Friday 17 July 2015

Court Closures and the Two Tier Contract

This week, the Ministry of Justice announced a consultation on plans to close 91 courts and tribunals identified as ‘surplus’. The courts affected are in all areas of the country and include Magistrates’ Courts, County Courts, Youth Courts, Family Courts and even four Crown Courts (two standalone and two within combined court centres).

The overall costs and benefits of this suggestion are lengthy and too detailed to consider here. This blog will focus on one particular point, which is the interaction between the possible court closures and the two tier crime contracts, which are due to be introduced in January 2016.

In brief, at present firms doing criminal legal aid will have a ‘Standard Crime Contract’. This includes both duty work (at police stations and magistrates’ courts, acting for those who don’t have their own preferred solicitor) and own client work, where a client has specified that that firm is their preferred law firm. There are approximately 1600 existing Standard Crime Contracts. The proposed change is to create ‘two tier’ contracts. For these contracts, pretty much any firm already holding a Standard Crime Contract may apply for, and be granted, an Own Client Contract. There is no limit on the number of Own Client Contracts available. However, there will only be 527 Duty Contracts. This is, obviously, almost a 2/3 reduction on the current number of contracts for duty work in existence.

Firms submitted their tenders for Duty Contracts in early May of this year and will hear the outcome of the tender in September or October. Some firms chose not to tender for a variety of reasons; and many firms, including some of those who tendered, continue to hope that two tier contracts will not go ahead.

The particular question at issue here is the way in which the court closures may affect the Duty Contracts. When firms tendered for Duty Contracts, they did so for particular designated areas. In each of these areas the courts and police stations were specified, and no doubt many or most firms tendered with a strong focus on their ability to cover the courts and police stations named in each designated area. If a firm found, for example, that in a particular contract area, the courts were located too far from their offices to make it economic to attend that court on a regular basis, then the firm would not have tendered for that area. Conversely a firm may have been more keen to tender for an area in which the courts or police stations are located conveniently for access from their office.
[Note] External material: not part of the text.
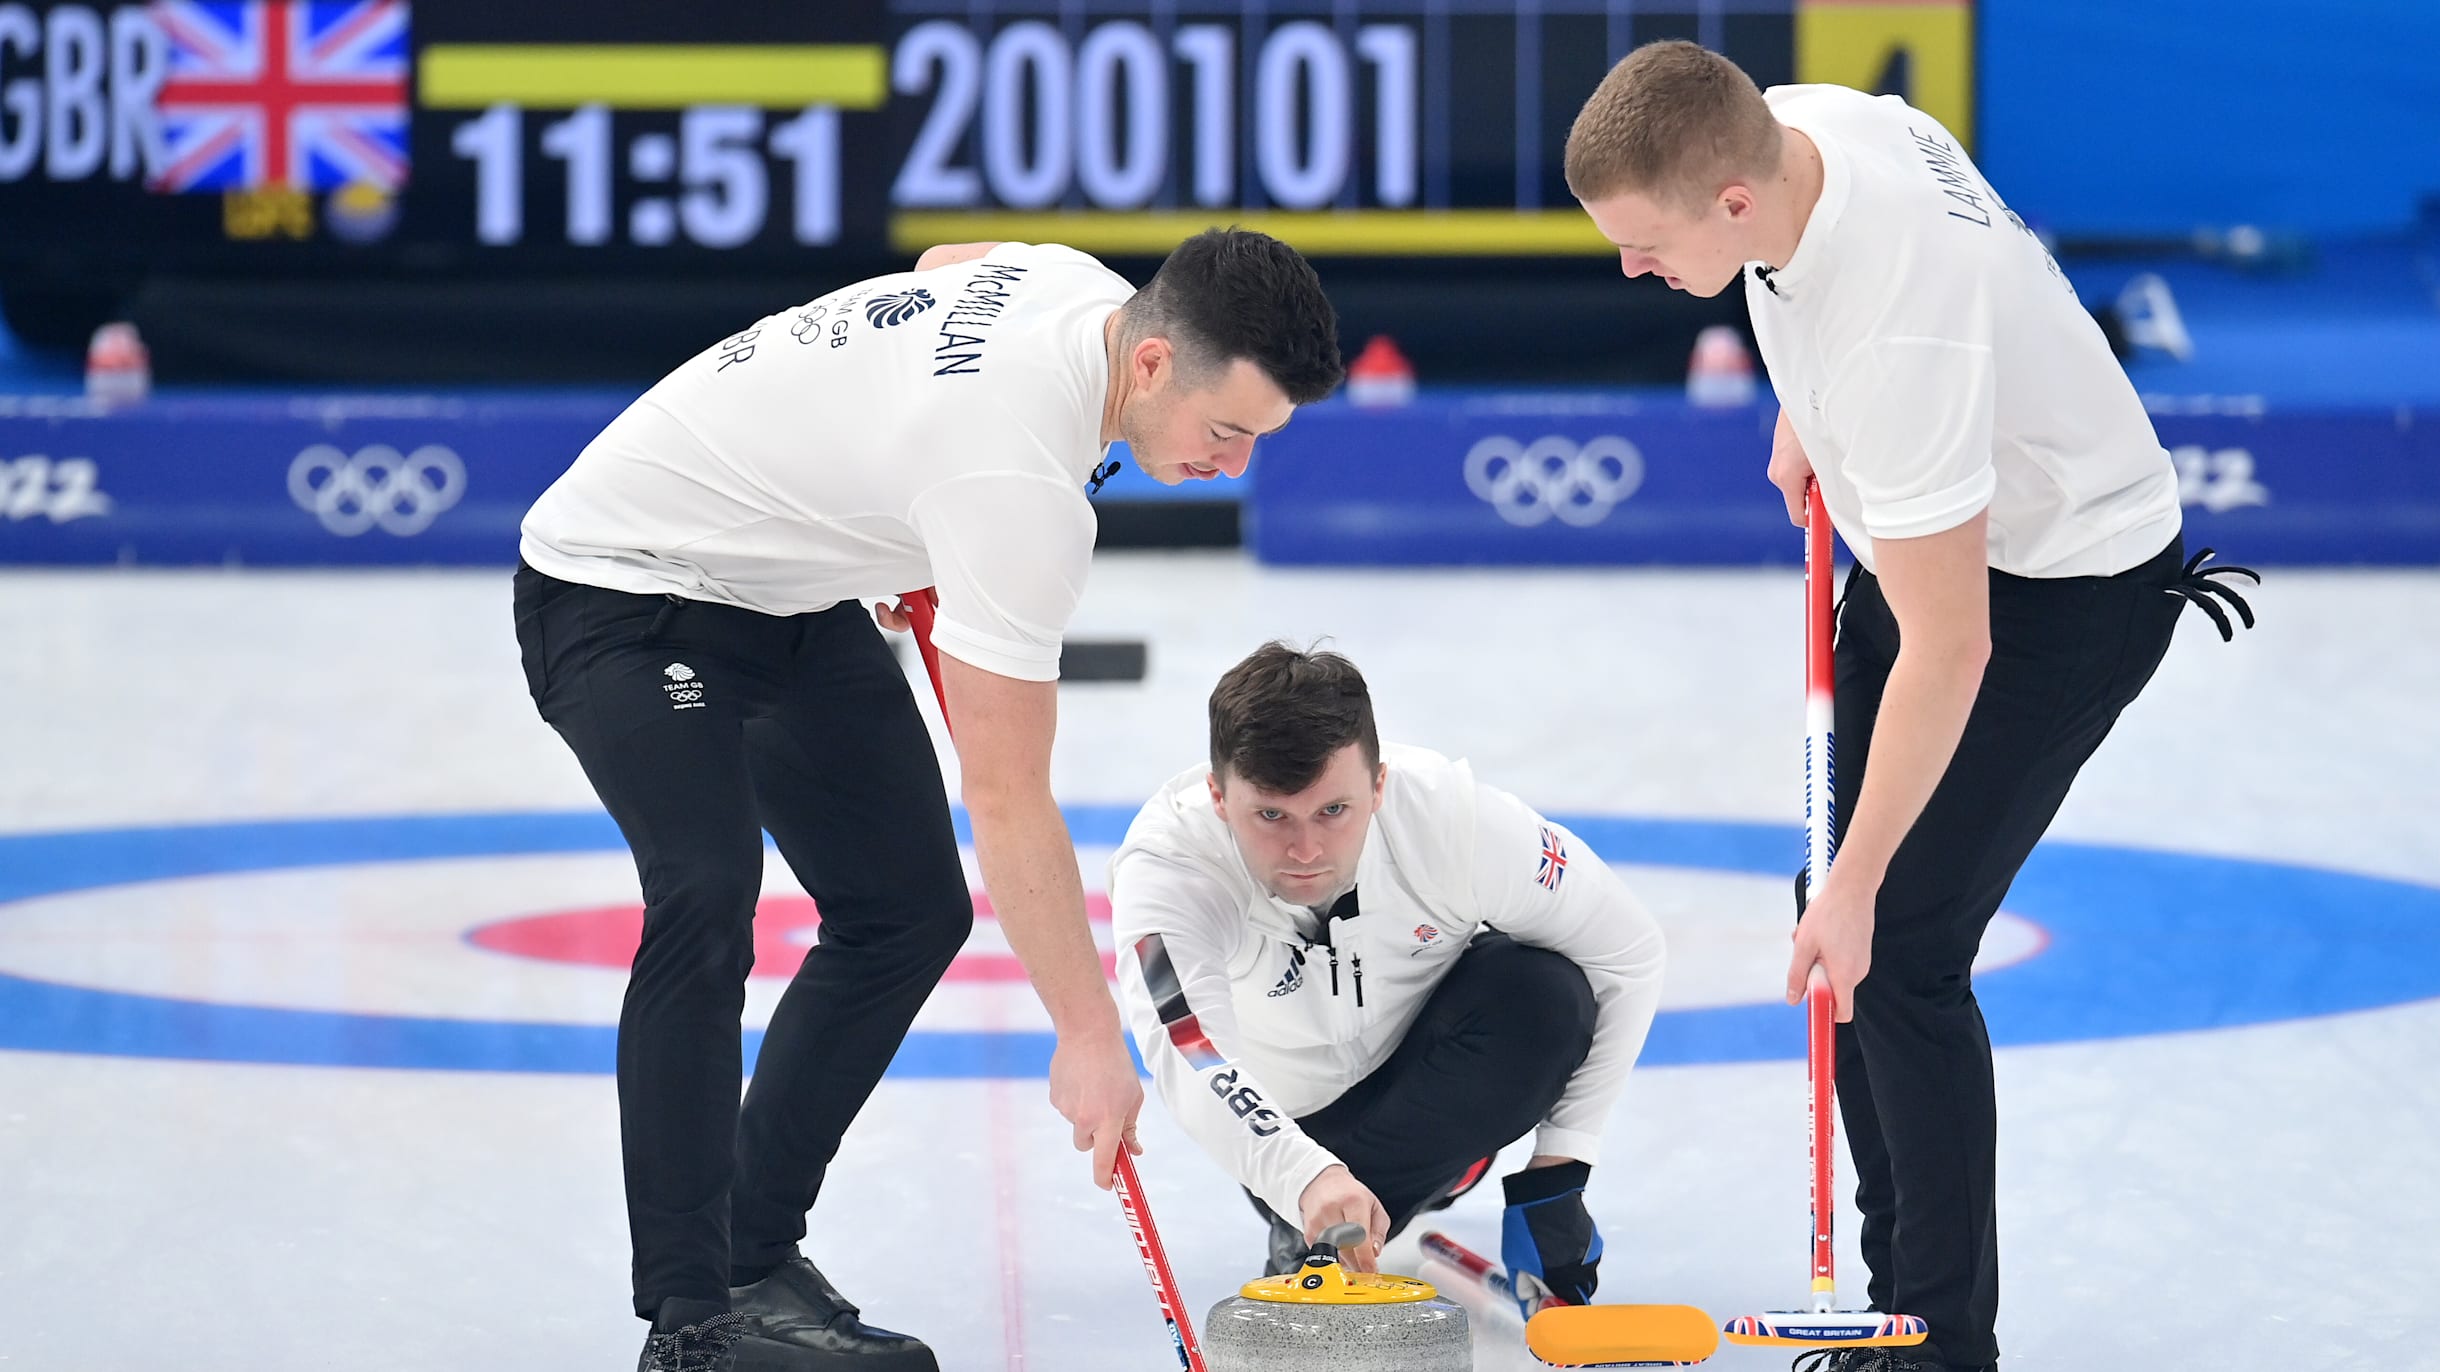 2022 European Curling Championships Schedule, how to watch live stream and stars in action

We can see from this that the court closures may be a game changer, particularly for law firms based in rural areas.  A hypothetical, but quite possible, example: a small law firm, Firm X, based in a rural area, tendered for one Duty Contract area. There are two criminal courts based in the duty contract area. One of them, Court A, is across the street from Firm X and the other, Court B, is further afield, perhaps an hour’s drive from Firm X. Then Court A is proposed for closure. This means that even if the volume of work does not decrease, because the work from Court A is transferred to Court B, the financial calculations for Firm X are now entirely different. Instead of half of their work being done across the street at Court A, and the other half being done an hour away at Court B, now all of their work is being done at Court B. But Firm X has tendered for the Duty contract with the expectation that Court A will remain open, and they have done their financial calculations on that basis. The entire functioning of Firm X may no longer be feasible – but they have already put in their tender. Now if they withdraw, they will not have the opportunity to re-tender for a more appropriate duty contract area, as the tender is closed; and without a Duty contract Firm X may not longer be financially viable at all.
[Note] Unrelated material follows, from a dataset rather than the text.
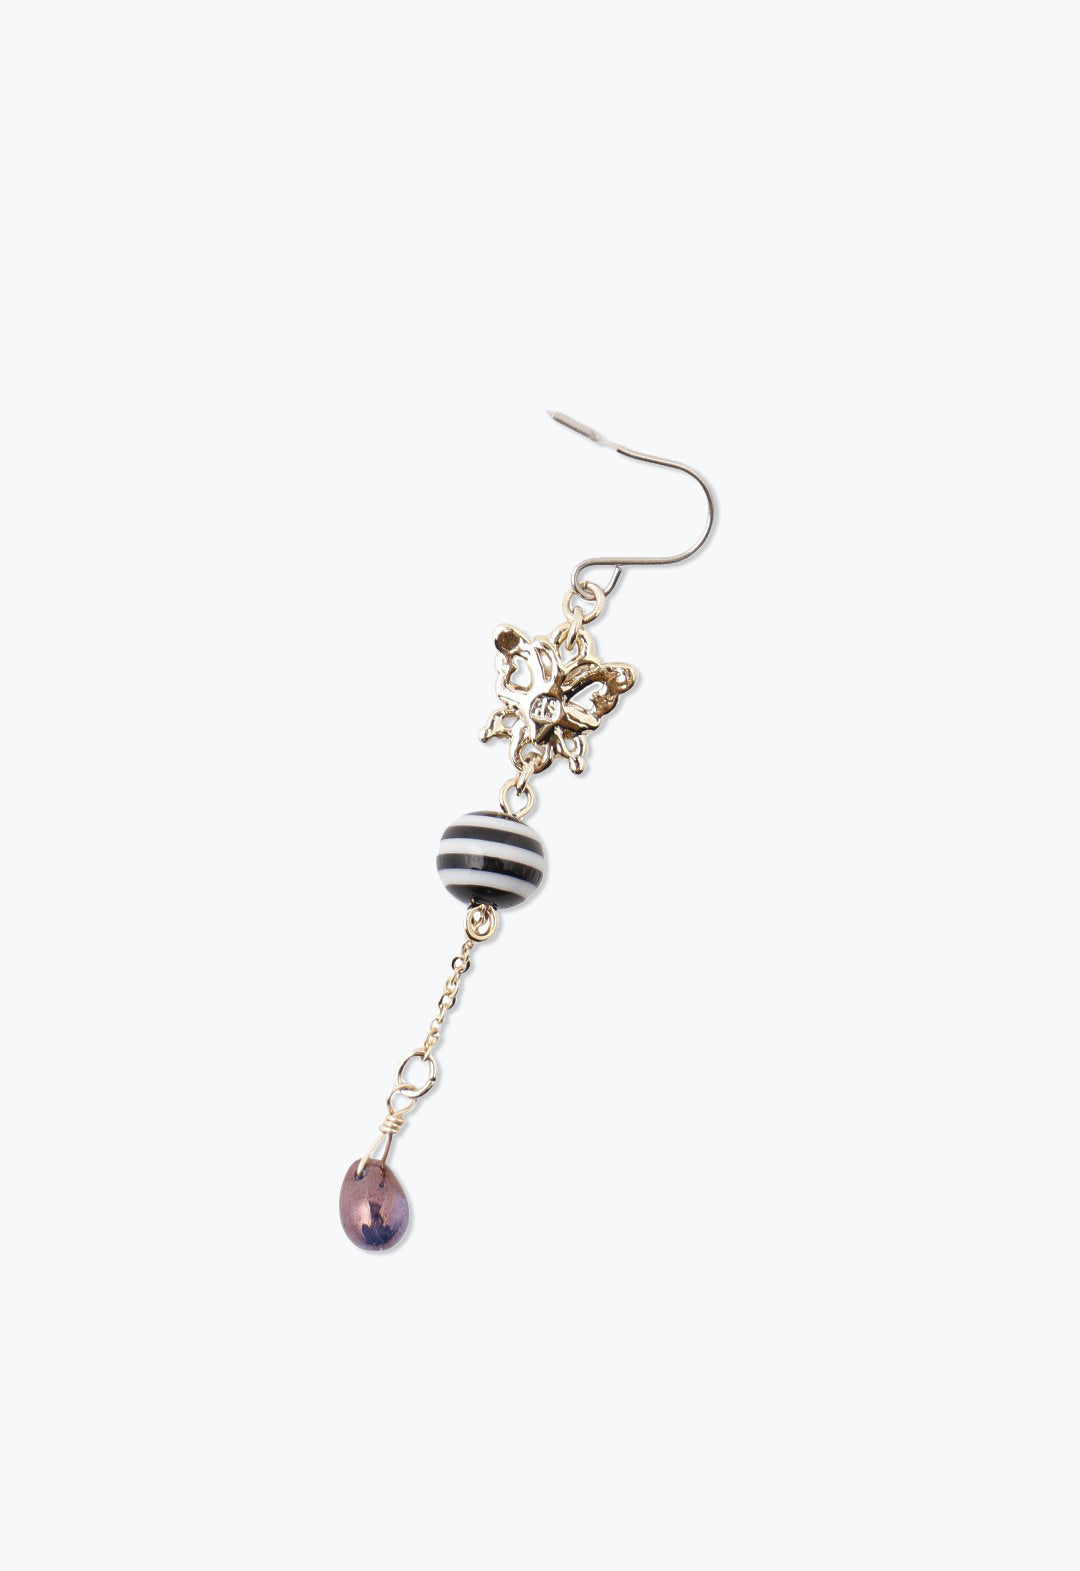 Earring golden butterfly an amethyst at center, b/w stiped ball under, purple Pearl end the chain

The above example may be an extreme one. However, it is surely the case that tenders were made on the basis of the existing courts and police stations prior to the proposed closures, and it seems at the least unfair, if not arguably in bad faith, that this consultation was launched after the tender process, thus preventing firms from taking possible closures into account in calculating the financial viability of their tenders. It should be acknowledged that for some firms, the opposite to the above example may happen: for them, all of their work will get closer to their office and become more convenient, and those firms may revise their expected profits upwards. But for many others this may have an overall negative effect and increase their operating costs, and those firms should have had the opportunity to consider the possibility of closures before submitting their tenders.

As we have had occasion to remark on this blog before, criminal legal aid firms do not in the main operate with large profit margins or have significant financial reserves to draw on. For some firms, then, if two tier does in fact go ahead, the court closures may be the straw that breaks the camel’s back.


The views expressed do not necessarily reflect those of the firm or its partners.